La guerre au Proche-Orient nous rappelle notre vulnérabilité face à la fluctuation des prix des énergies fossiles. Une des principales répercussions dont les politiques tentent de se saisir se trouve dans la hausse des prix des carburants. Elle impacte de nombreux secteurs économiques et complique particulièrement la situation financière des ménages dépendants de leur véhicule pour les déplacements quotidiens. La responsabilité est cherchée du côté des belligérants du conflit ou des énergéticiens qui profitent de l’augmentation de ces prix.
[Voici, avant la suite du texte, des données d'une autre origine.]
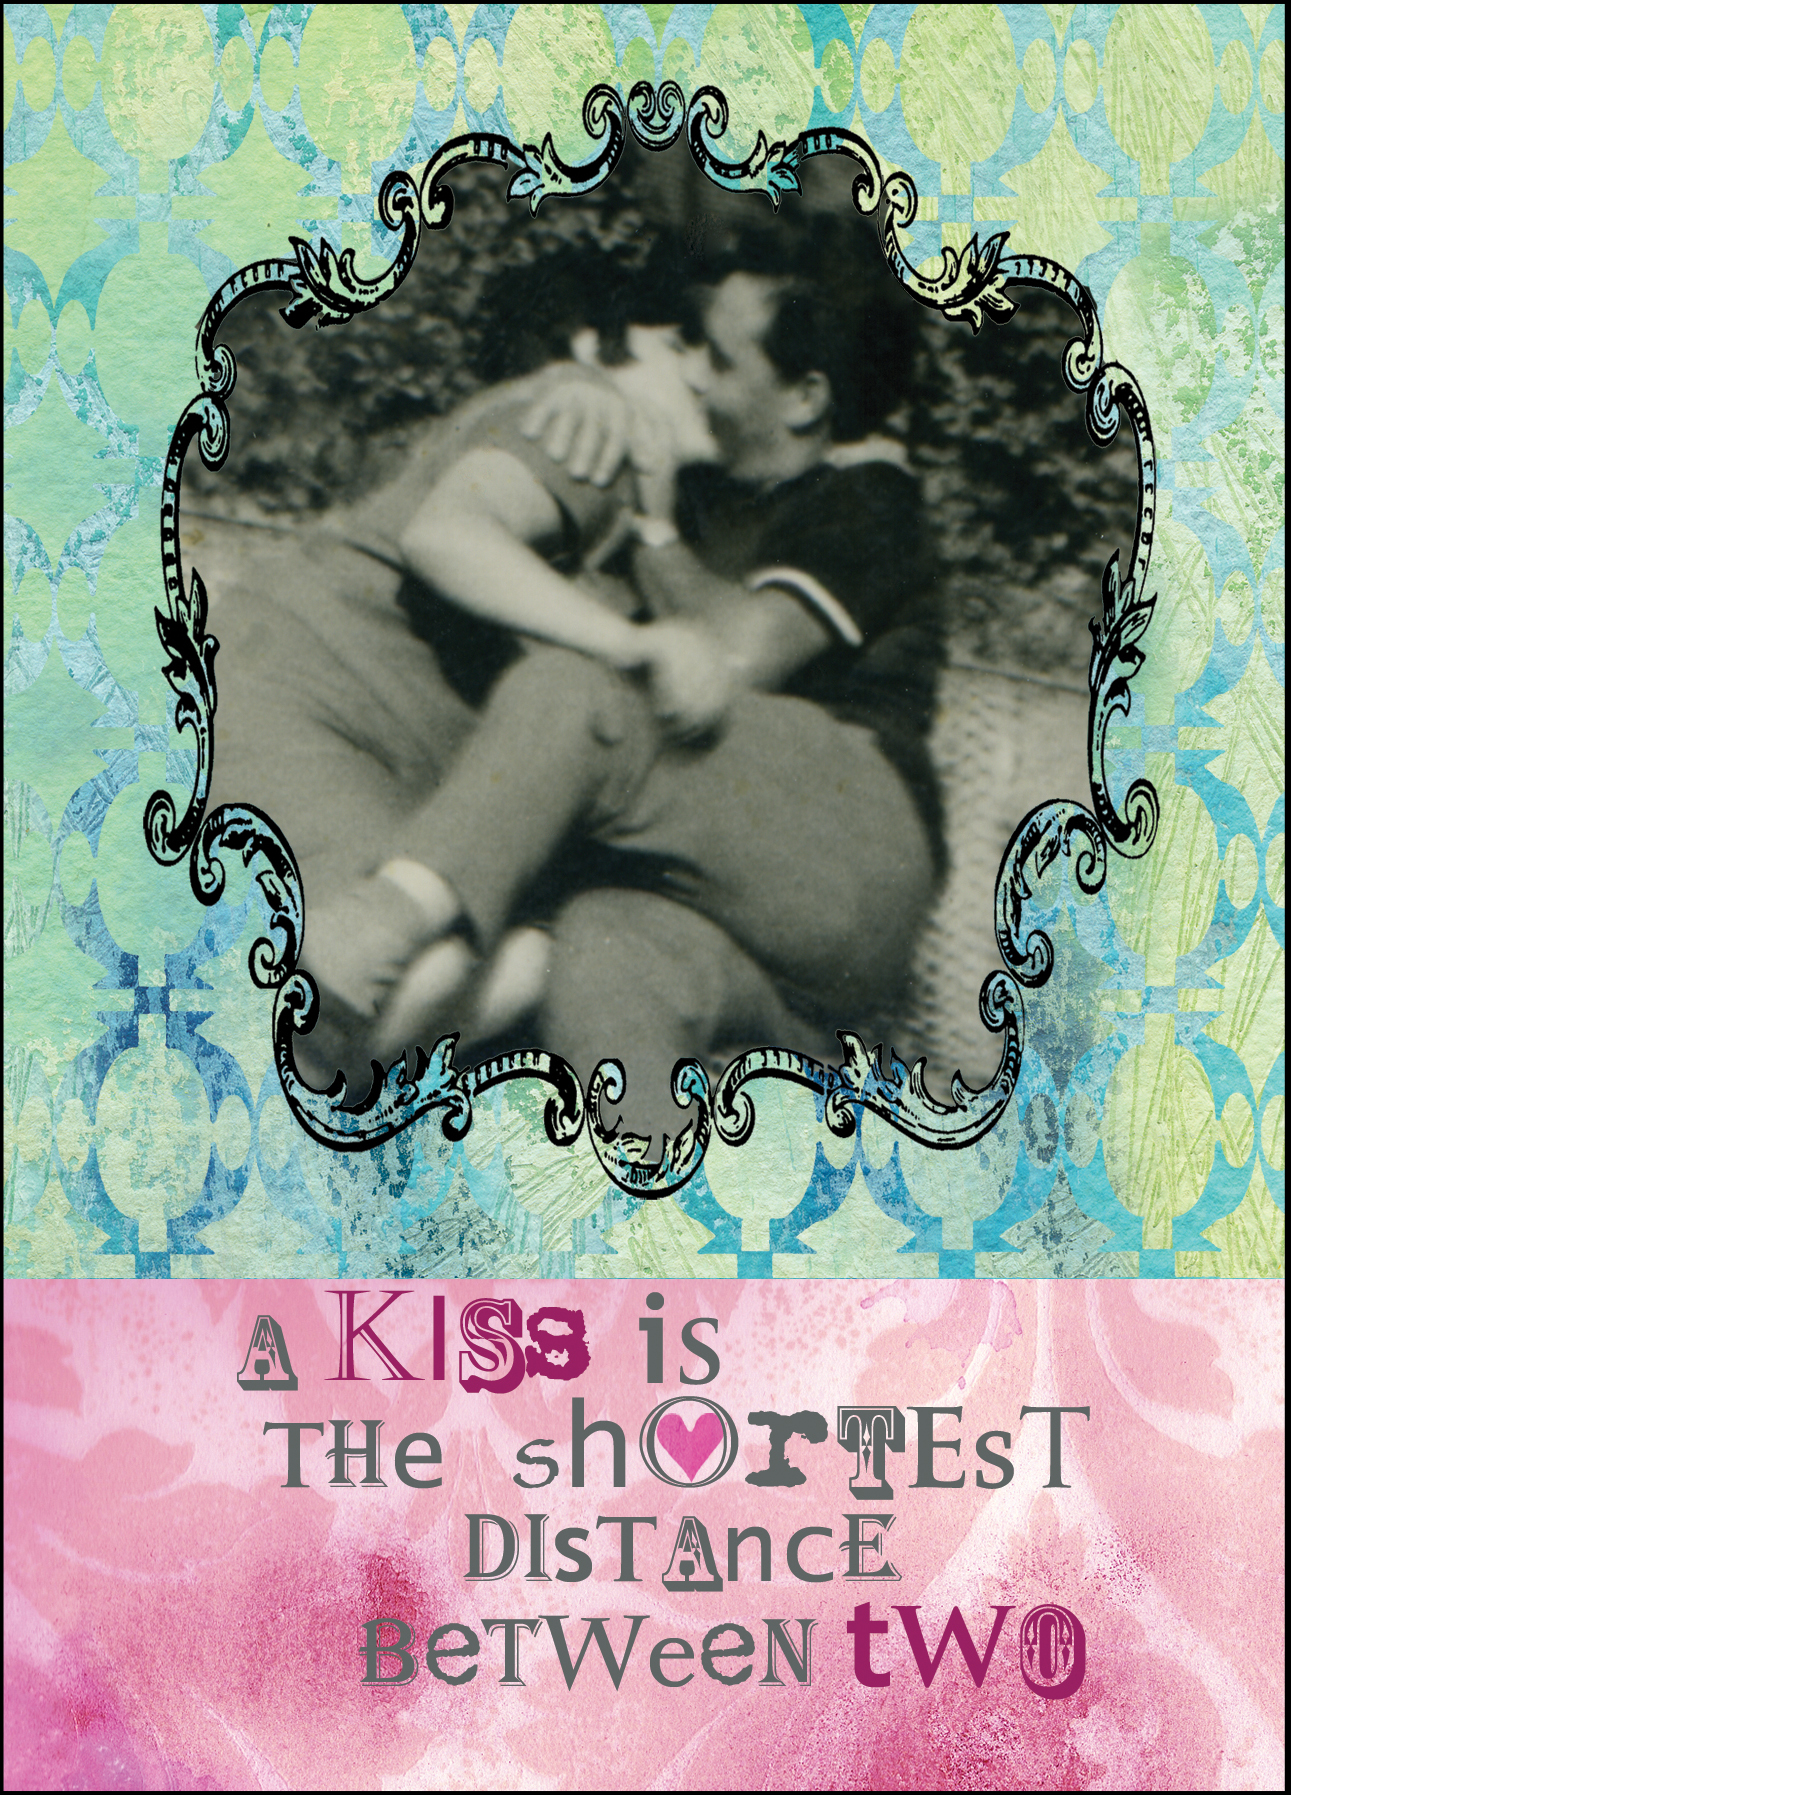 Gabriela Szulman romatic greeting card "a kiss is the shortest distance between two" collage photograph couple kissing

Elle peut être aussi du côté des politiques énergétiques, qui ne se tournent pas assez vite vers les énergies alternatives aux énergies fossiles, ou des constructeurs automobiles, qui s’attachent encore à la voiture thermique.

Mais l’imaginaire collectif a aussi tendance à présenter les ménages dépendants de la voiture comme en partie responsables de leur situation. Ils auraient choisi l’éloignement, la mise à l’écart volontaire de la vie des centres-villes pour vivre dans une maison individuelle, qui leur serait plus accessible financièrement. Ce serait trop rapidement oublier d’autres responsabilités : les politiques d’urbanisme, de logement et d’aménagement. Finalement, pourquoi sommes-nous si dépendants du pétrole ?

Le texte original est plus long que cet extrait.